KMUL-FM
- Muleshoe, Texas; United States;
- Frequency: 103.1 MHz

Programming
- Format: Country music

Ownership
- Owner: Tallgrass Broadcasting
- Sister stations: KMUL (AM)

History
- First air date: February 1966
- Last air date: April 30, 2012
- Call sign meaning: Mule (allusion to the town and school mascot)

Technical information
- Licensing authority: FCC
- Facility ID: 61586
- Class: A
- ERP: 6,000 watts
- HAAT: 22.9 meters (75 ft)
- Transmitter coordinates: 34°13′39.2″N 102°44′11.7″W﻿ / ﻿34.227556°N 102.736583°W

Links
- Public license information: Public file; LMS;

= KMUL-FM =

KMUL-FM (103.1 FM) was a radio station in Muleshoe, Texas, United States. It broadcast from 1966 to 2012 and was last owned by Tallgrass Broadcasting.

==History==
John Burroughs, Leola Randolph, and Gilbert Lamb, the owners of KMUL AM, filed with the Federal Communications Commission on July 28, 1964, to build an FM radio station in Muleshoe. The Federal Communications Commission (FCC) approved the application on June 16, 1965, and a license to cover was requested in February 1966.

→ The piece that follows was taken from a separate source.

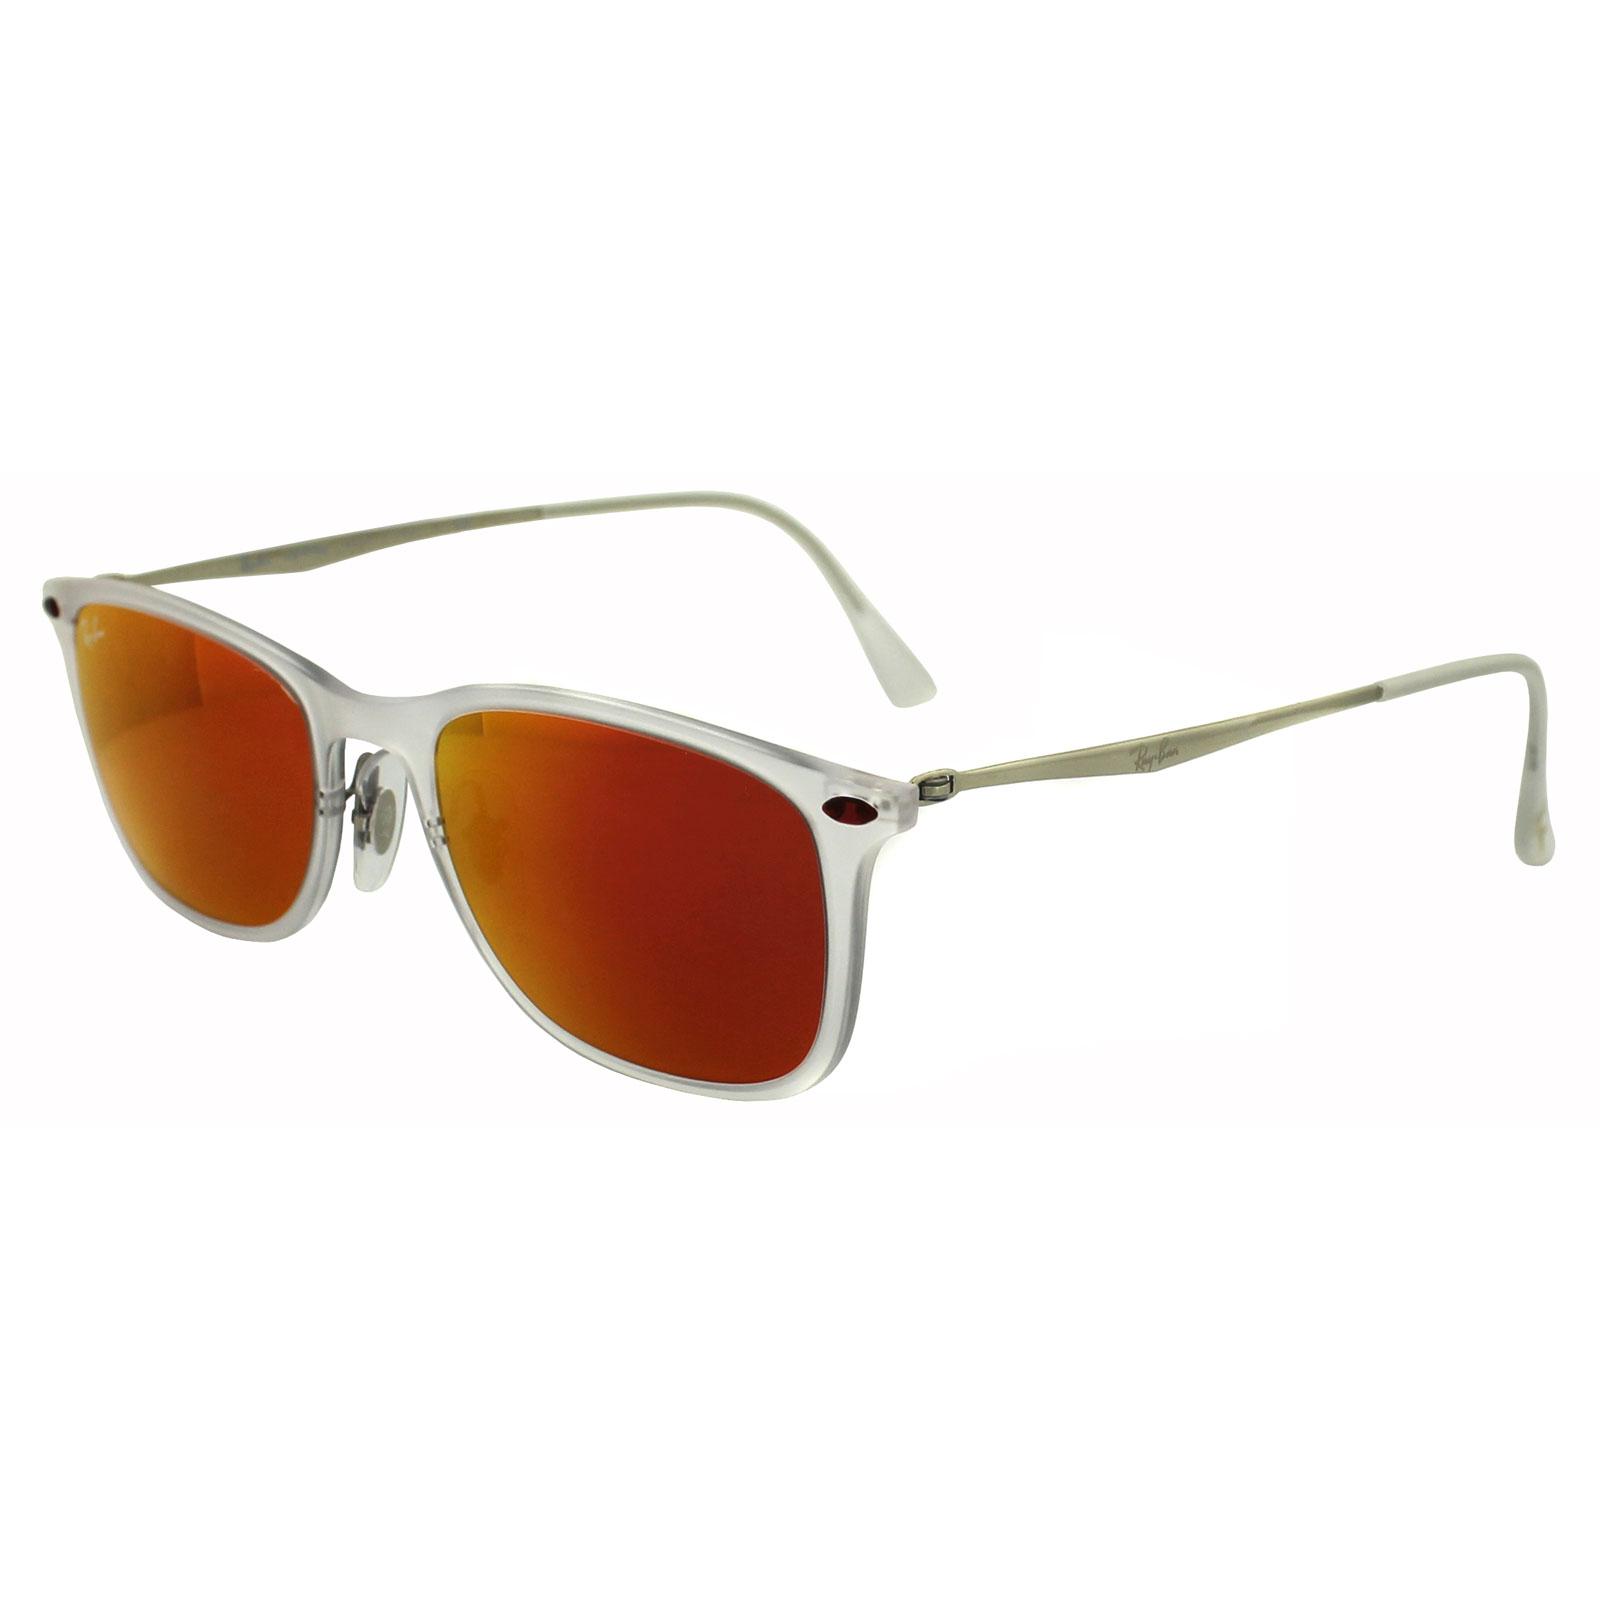 red ray ban sunglasses  Ray-Ban Sunglasses New Wayfarer Light Ray 4225 646/6Q Transparent ...

In 2007, the KMUL stations were acquired by Tallgrass Broadcasting, which owned KICA-AM-FM and KKYC serving Clovis, New Mexico. One of the owners in Tallgrass was former TV news anchor and documentarian Bill Kurtis. Tallgrass went into receivership in 2010 after ceasing to pay a loan.

KMUL-FM was taken silent by its receiver on May 1, 2012, for financial reasons. On April 17, 2013, Tallgrass surrendered the broadcast license and informed the FCC that it had no intention to reactivate the facility.